On Monday, Patriot’s Day, as you know, there was an explosion at the Boston marathon.  That tall, lanky girl, for whom I think the word coltish may have been coined, dissolved into a puddle of anxiety.  I told both she and Whit what had happened the minute I heard (they were home from school, sitting in the room next to my office), mostly because I was so startled by the news.  She hovered around my office all afternoon, lurking, asking constant questions, reading over my shoulder.

Right before the explosions, we had been talking about groups of people from the Marines (or Army, I admit I don’t know) who ran the course in their uniforms with backpacks.  Grace’s first reaction to the events, and to the few pictures she saw of the devastation (before I turned the TV off), was: “But those poor people just came home from war, where they saw this all the time.  They weren’t supposed to see it at home.”

Indeed, they weren’t.

I spent the afternoon toggling between bewilderment at this world that we live in, trying to understand what feels like a relentless wave of violence, and hugely heartened by it, as I received more texts and emails than I can count from people from all corners of my life (and the world) checking that we were okay.

But most of all, this: the city of my heart, my home, is bleeding and broken, under attack.

On our day of celebration, which starts at dawn with reenactments of the battles of Lexington and Concord and ends with the last runners limping across the finish line long after the sun has gone down.  Our day of inspiration and striving, of humanity at its finest: I am always moved equally by the runners who push themselves past all reason and by the spectators who come out to watch the river of dedication and devotion.  Marathon Monday is a pure celebration of our beating hearts and of our feet walking on this earth.  This day, this Patriot’s Day, our day, is now forever marked by explosions, lost limbs, dead children (my GOD – an eight year old – Whit is eight – how is this possible?), senseless death and hurt.

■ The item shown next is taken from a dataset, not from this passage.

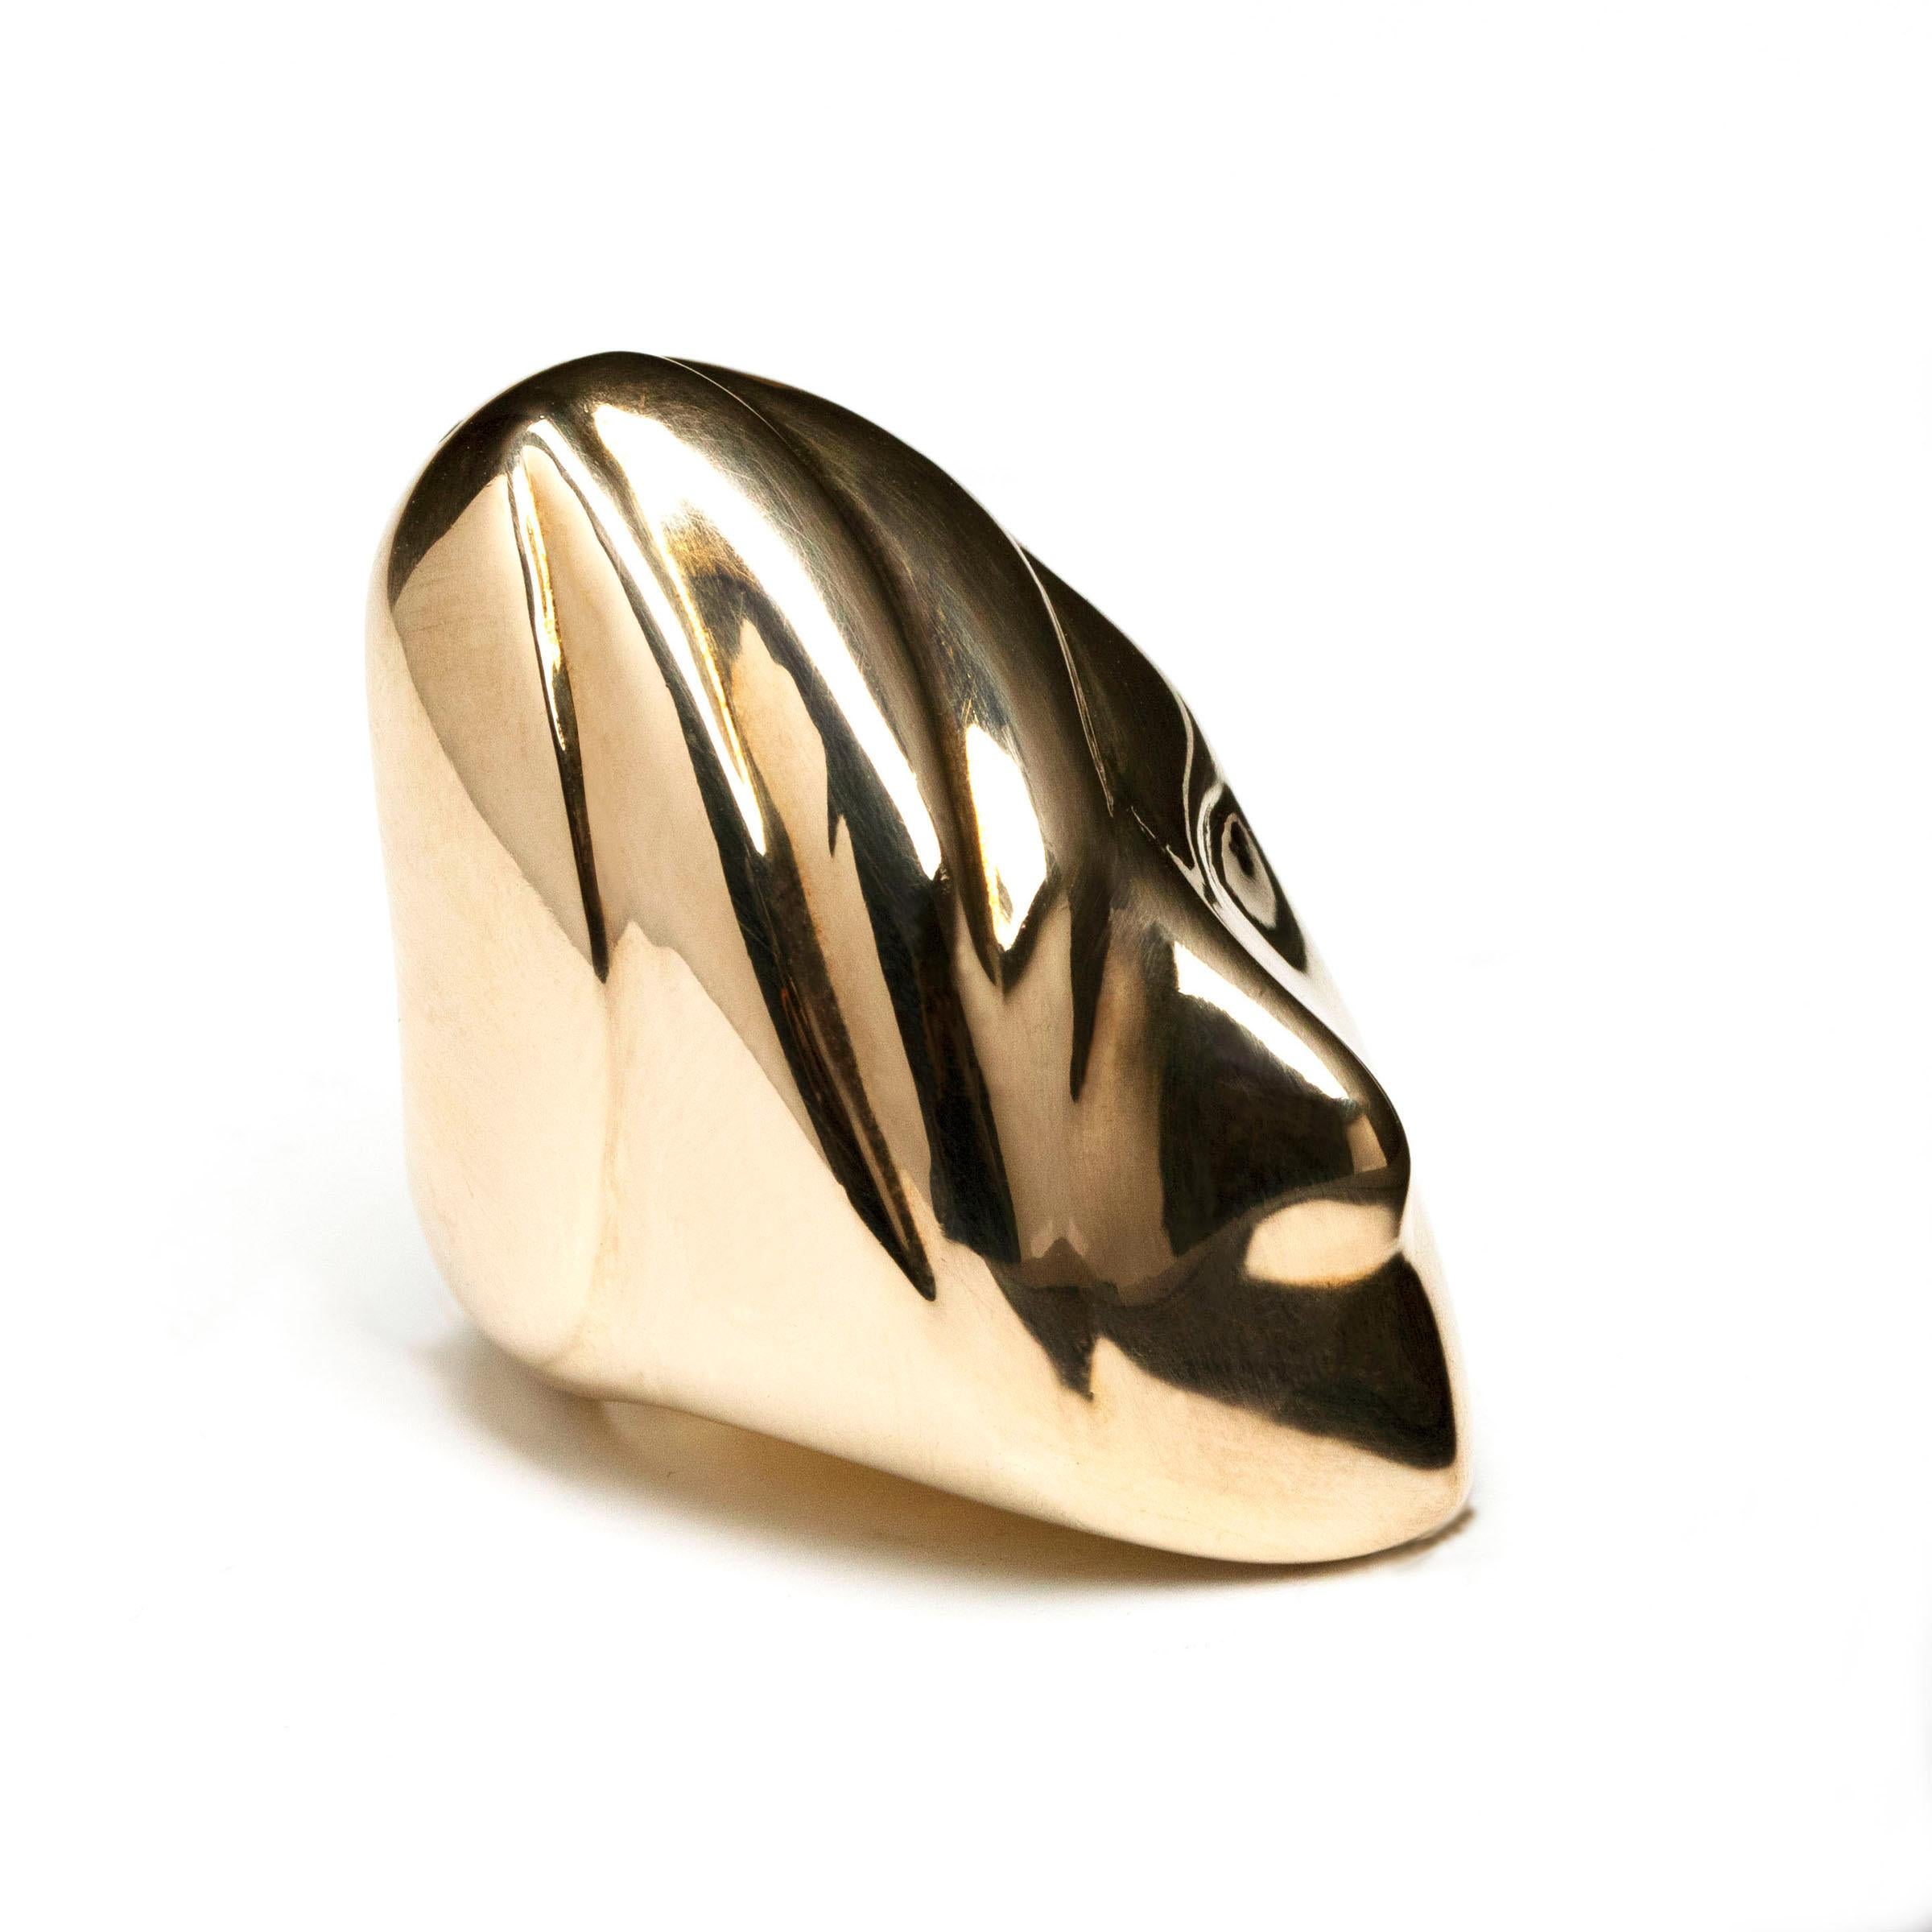 For Sale:  Brenna Colvin, Faces Collection, 'Jorgensen', Gold Plated Sterling Silver 2

I hate that it happened on our day, on Patriot’s Day, on Marathon day.  I hate that this happened at all.

I ache for my city, the city I was born in, the city I’ve lived in since I graduated from college, the city I love, my home.

I know that many other cities in our country have been visited by tremendous pain and brutality over the last several years.  I feel a sense of “it’s our turn,” followed immediately by outrage that I could ever say that. What world do we live in where that’s the deal?